C12-Binary-Search-Trees/12.4.md
Prove equation (12.3).
AnswerThis is basic property of permutations and combinations. You can use Pascal triangle to prove
Describe a binary search tree on n nodes such that the average depth of a node in the tree is Θ(lg n) but the height of the tree is w(lg n). Give an asymptotic upper bound on the height of an n-node binary search tree in which the average depth of a node is Θ(lg n).

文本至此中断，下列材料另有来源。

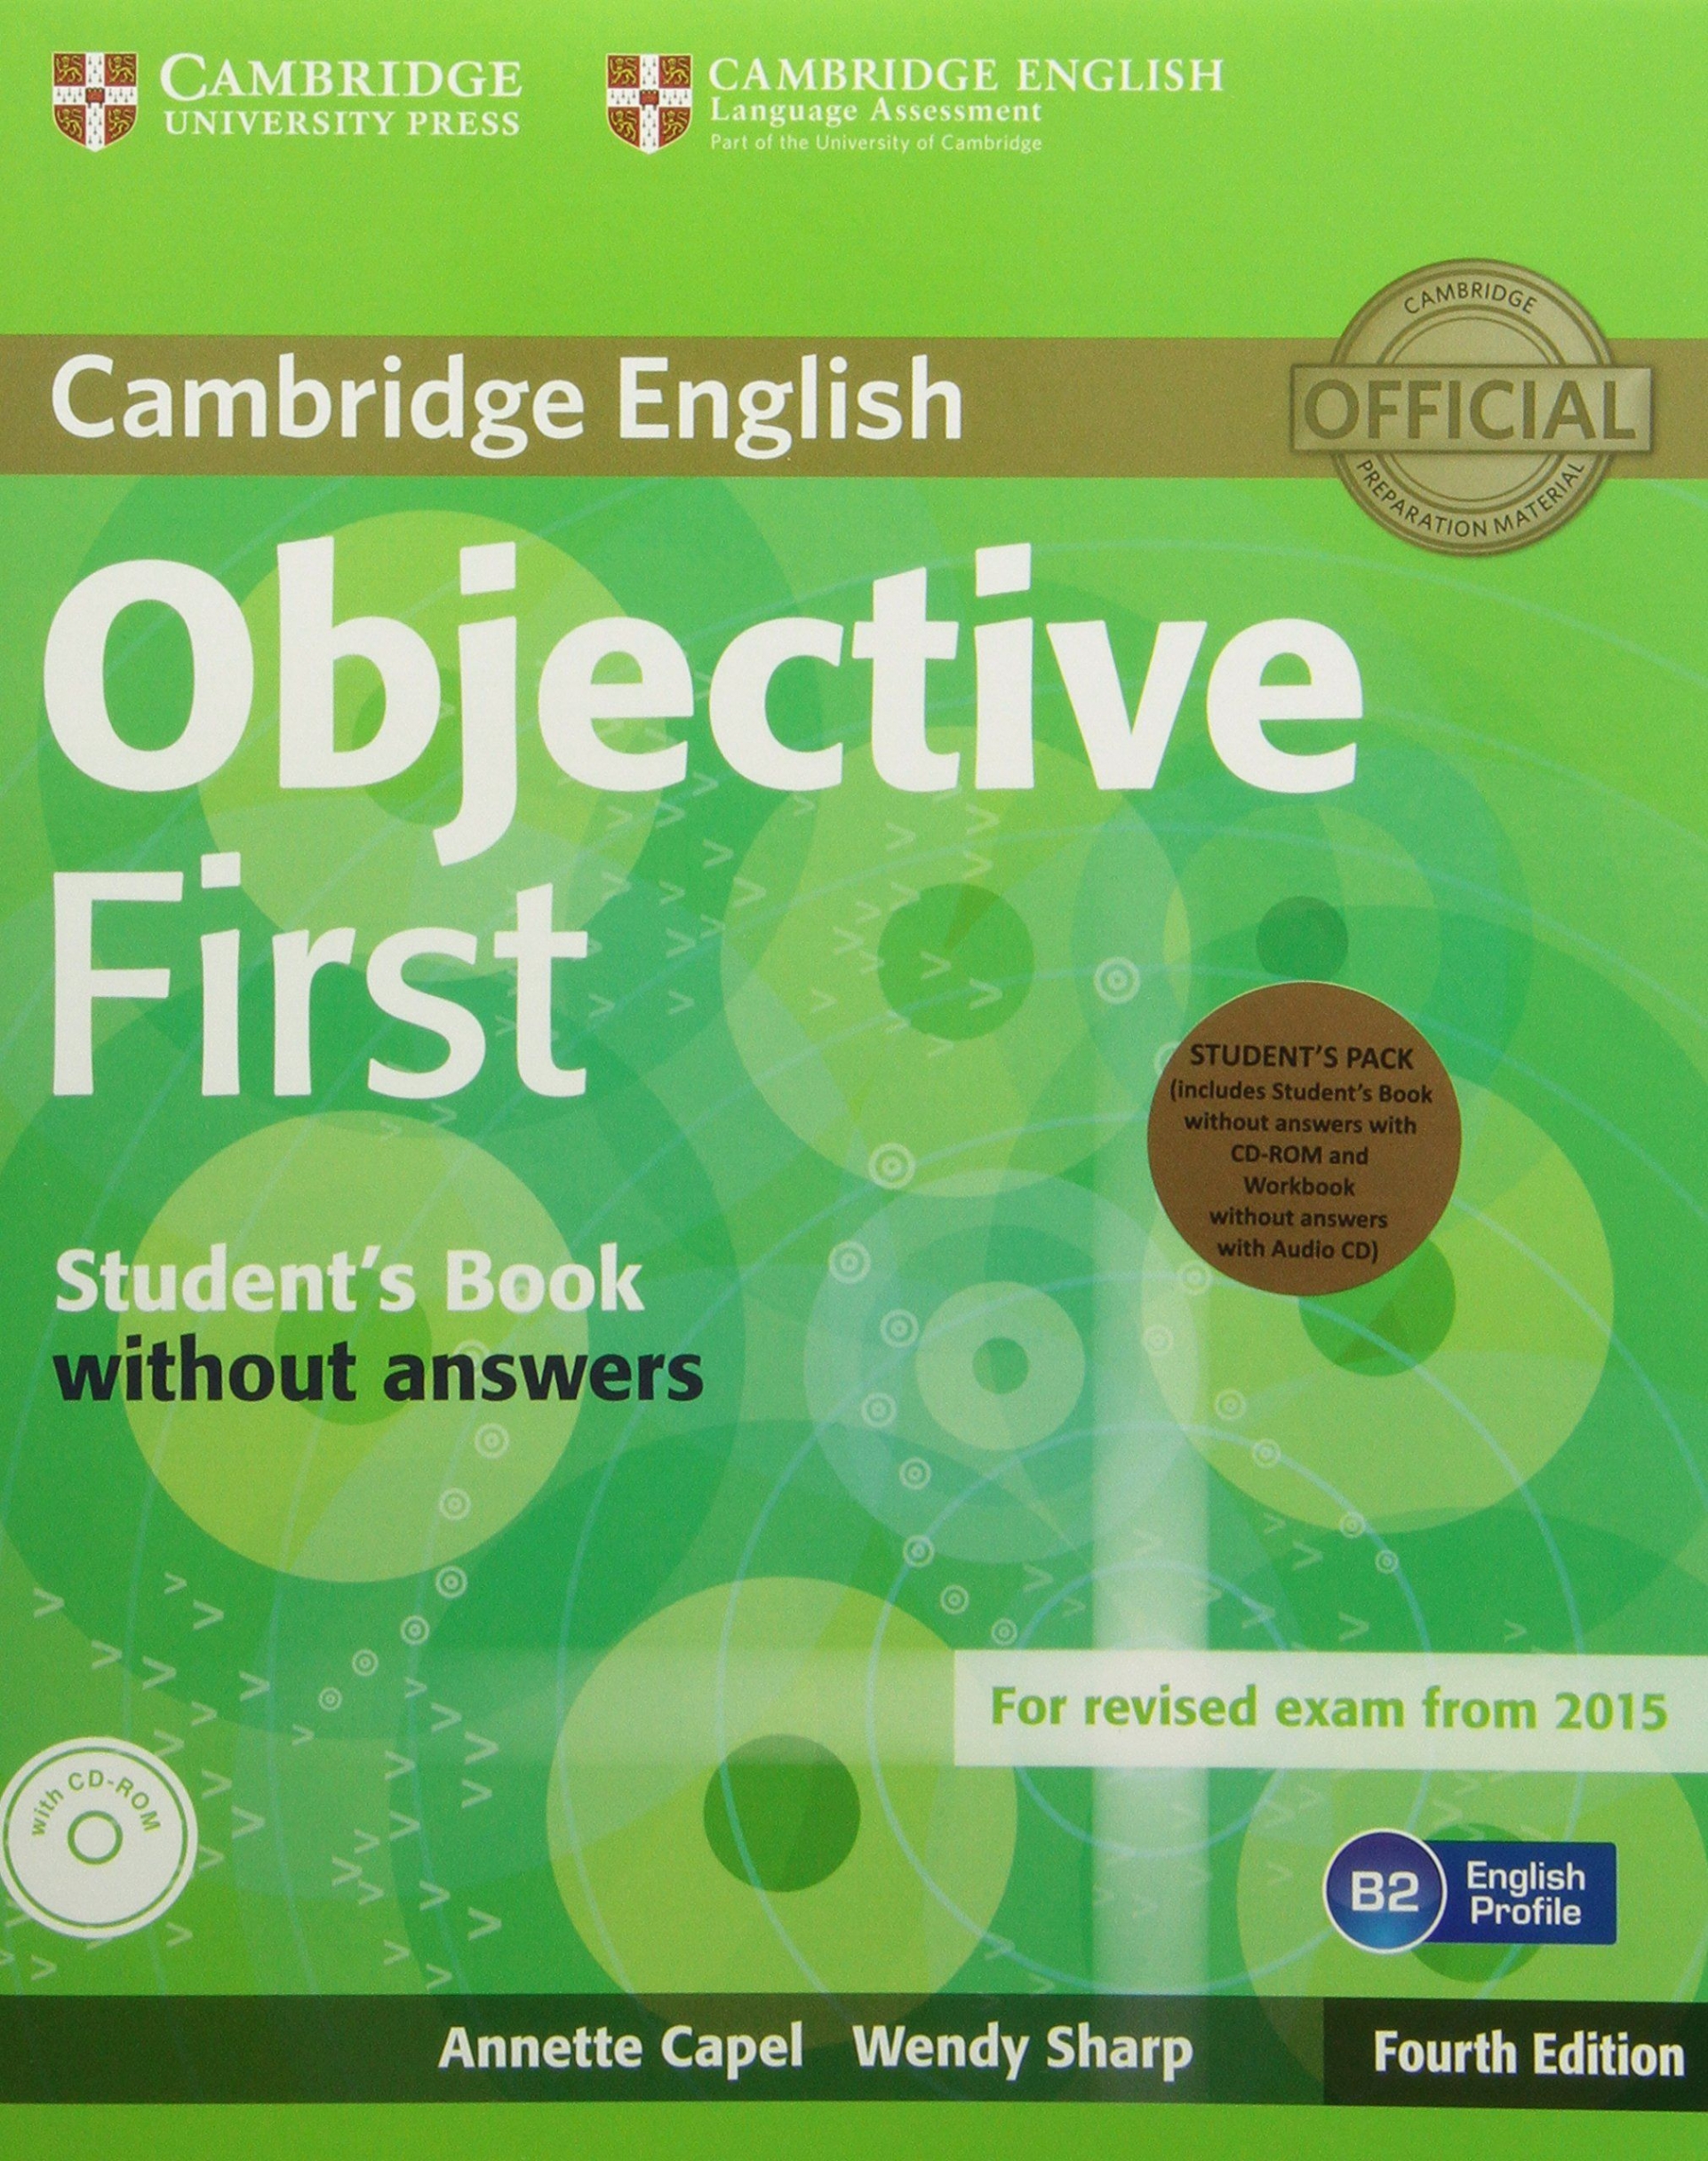 Annette Capel, Wendy Sharp Objective First 4th Edition (for revised exam 2015) Student's Pack (Student's Book without Answers with CD-ROM, Workbook without Answers with Audio CD)

Answer满二叉树就满足n个节点平均高度为 Θ(lg n), 树高 lg n (w = 1)
渐进上界为 Θ(lg n)
Show that the notion of a randomly chosen binary search tree on n keys, where each binary search tree of n keys is equally likely to be chosen, is different from the notion of a randomly built binary search tree given in this section.
Answera randomly built binary search tree, 随机构建二叉搜索树, 指的是构建过程的随机, 也就是通过依次插入的方式构建采用的初始序列随机, 这个序列有 n! 种排列方式, 因此随机构建的过程有 n! 种不同的情况
a randomly chosen binary search tree, 随机选择二叉搜索树, 指的是对于 n 个元素构成的所有二叉树进行选择的过程随机, 由于随机构建过程的初始序列没有任何要求, 因此排列情况是 n! 种, 而二叉搜索树要求有一定的大小关系 (一个节点的左孩子关键字不大于该节点关键字, 右孩子关键字不小于该节点关键字), 这意味着 n 个元素构成的二叉搜索树的个数肯定小于等于 n! (等号只在 n = 1 时取得)
Show that the function f(x) = 2^x is convex.
Answer首先, 有 (a + b)^2 = a^2 + b^2 + 2ab >= 4ab (等号仅在 a = b时取得)
设 x1 < x2, 有 (2^x1 + 2^x2)^2 / 4 > 2^(x1 + x2)
因此, (2^x1 + 2^x2) / 2 > 2^[(x1 + x2) / 2]
因此 f(x) = 2^x 是严格凸的
Consider RANDOMIZED-QUICKSORT operating on a sequence of n distinct input numbers. Prove that for any constant k > 0, all but O(1/(n^k)) of the n! input permutations yield an O(nlgn) running time.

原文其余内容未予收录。